In the instant case appellants have not evidenced a settled purpose of relinquishing their parental claim. M. M. was taken by the B.C.S. on September 12, 1977. Realistically, the release of M. M. to the B.C.S. cannot be considered voluntary. The mother evidenced her wish not to be disturbed by her initial refusal to admit Ms. Johnson. Admission was gained only after Ms. Johnson arrived escorted by a police officer thereby suggesting some official authority for the request. Clearly, coercive aspects of the initial entry are evident. To suggest that these facts constituted a voluntary surrender of custody by the natural mother would strain credulity.
Two days after M. M. was taken from her parents on September 14, 1977 Richard Powell, another caseworker with the B.C.S., visited the parents and requested consent for custody of the child. The mother was told that if she refused voluntary custody she would be required to face court action. Again, it was obvious that the threat of the authority of the State was the motivating factor in causing the parents to decline to resist the wishes of the agency.

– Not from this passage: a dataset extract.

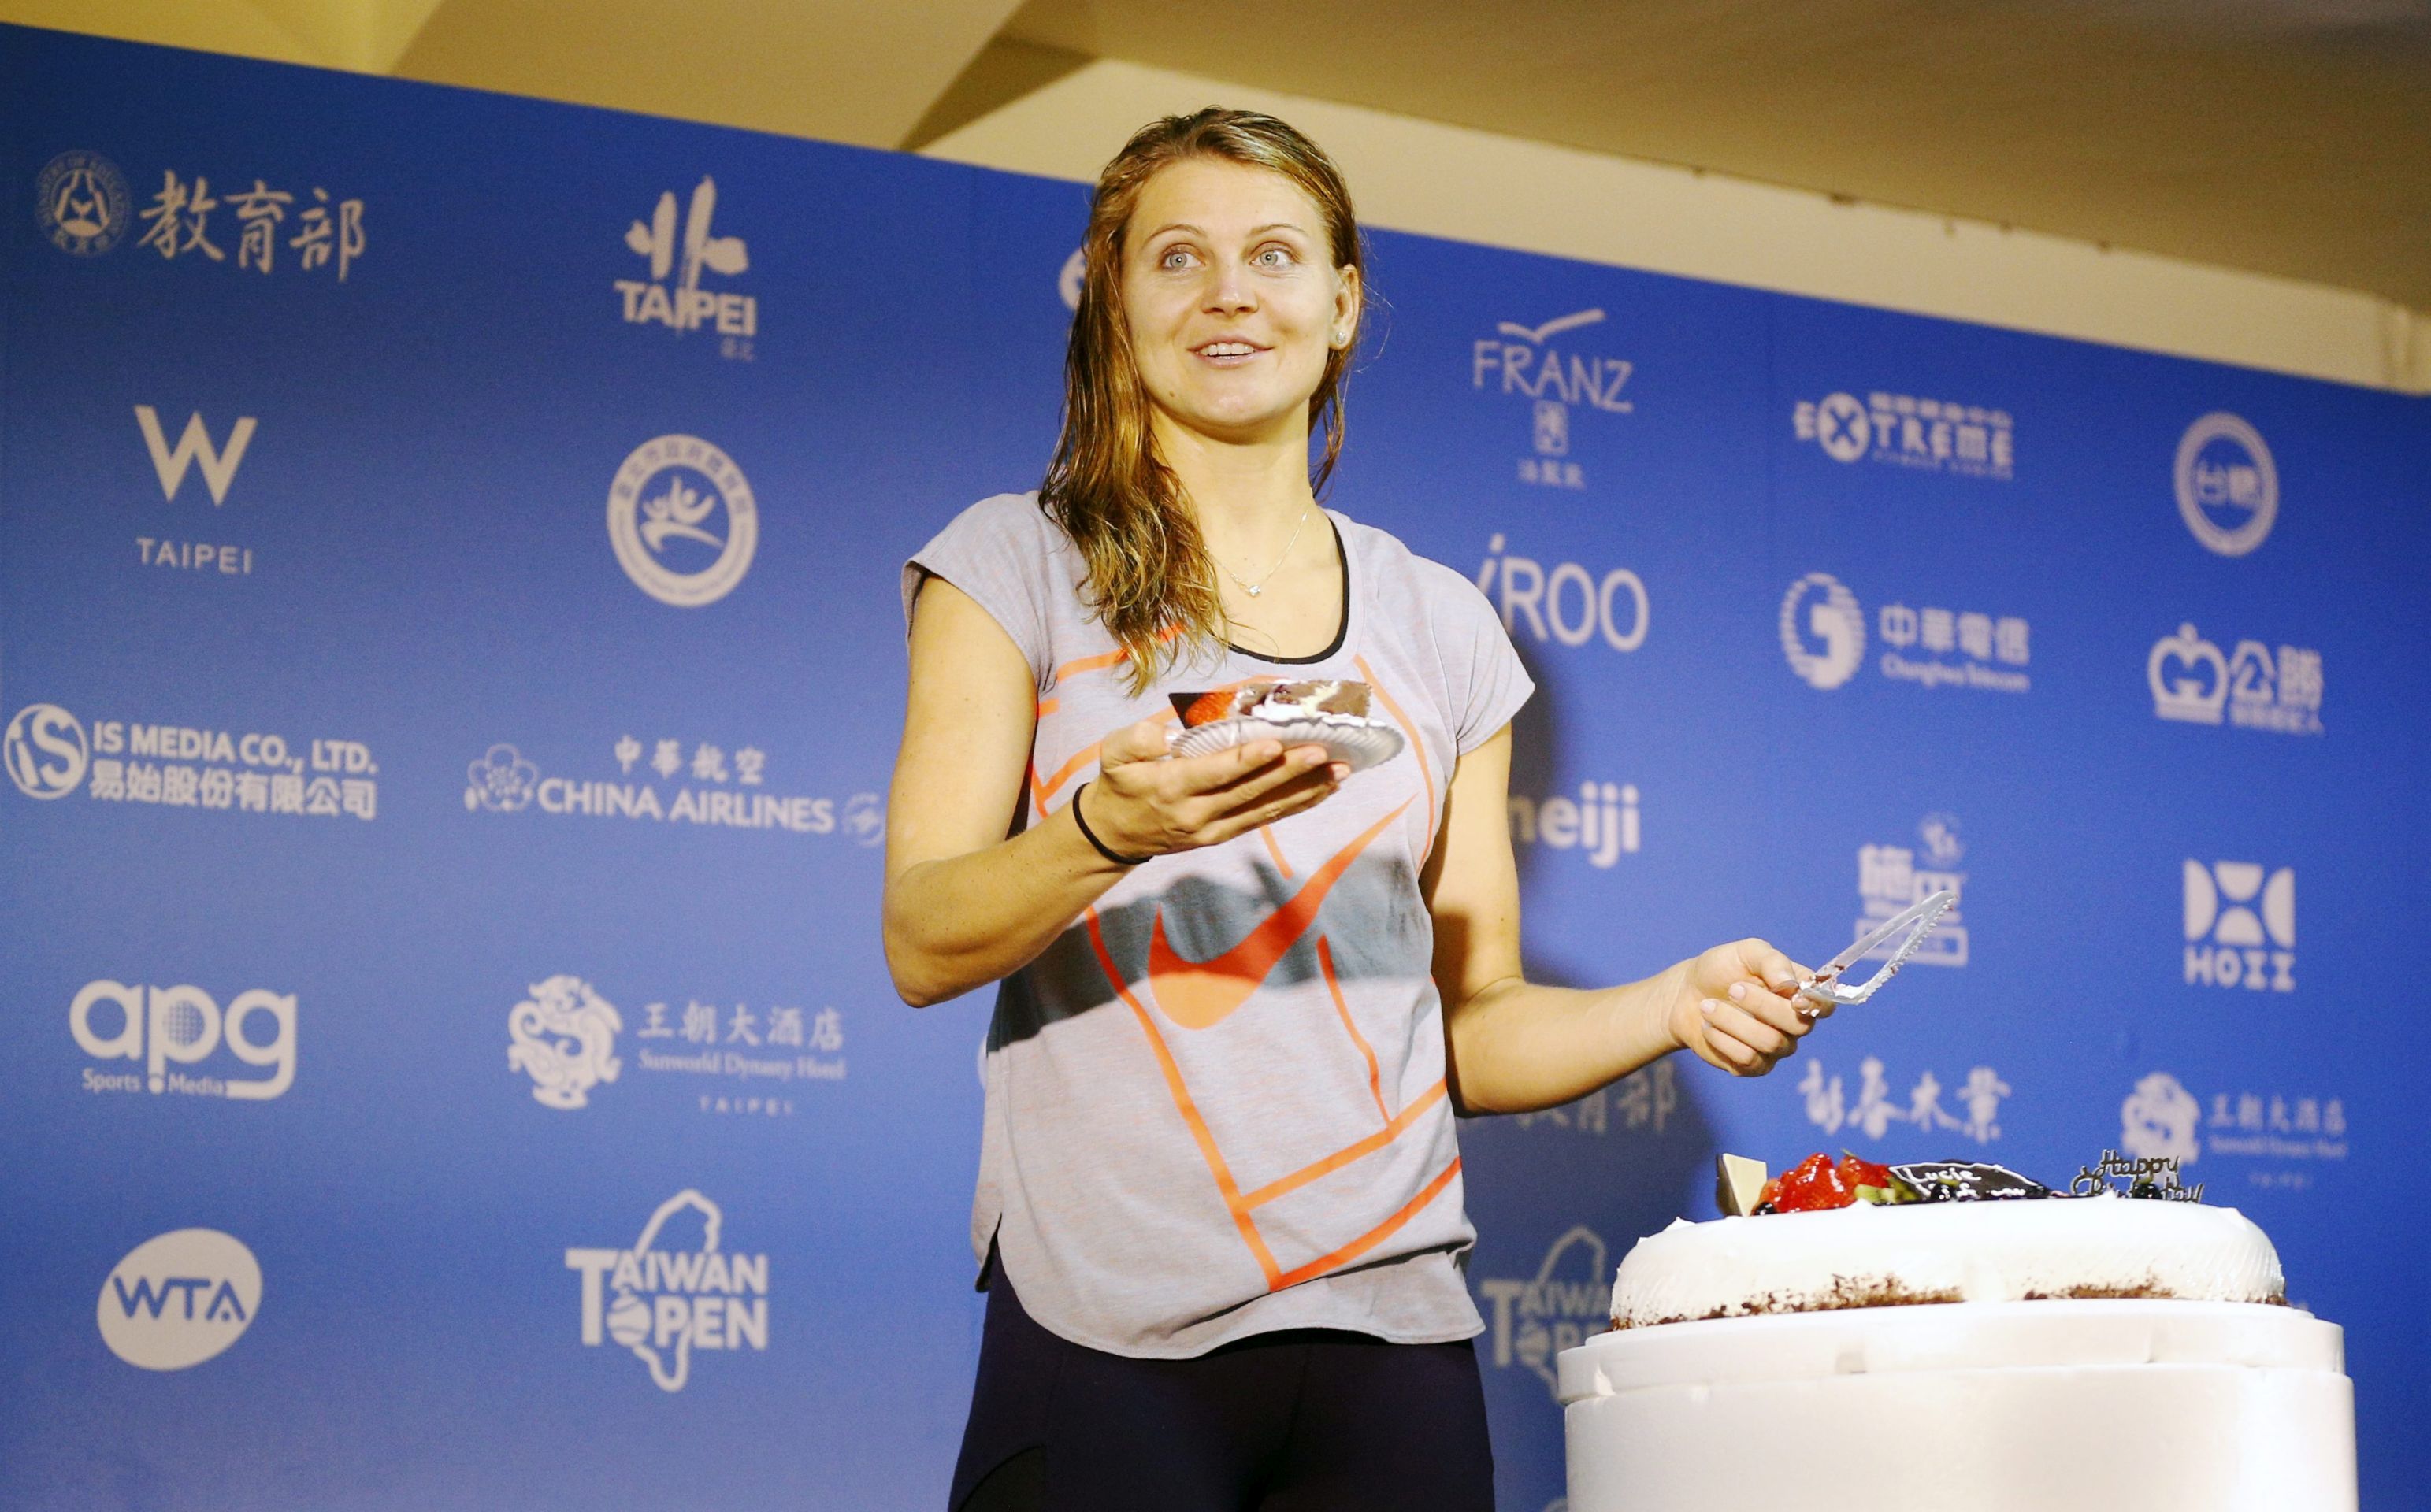 epa05770083 Lucie Safarova of Czech Republic reacts as she celebrates her birthday during a press conference after losing her womens singles semi-final match against Shuai Peng of China at the Taiwan Open tennis tournament in Taipei, Taiwan, 04 February 2017.  EPA/RITCHIE B. TONGO

We are not unmindful of the added fear engendered in the deprived and defenseless by a display of authority.
The testimony of Mr. Powell clearly demonstrated the interest and concern of the mother and her expressed desire to have the child returned to the family. He testified that both parents had visited with the baby and repeatedly informed him of their attempts to satisfy the requirements for the return of their child. Between September 14, 1977 and December 12, 1977, out of nine contacts between the B.C.S. and the parents, six were initiated by the parents.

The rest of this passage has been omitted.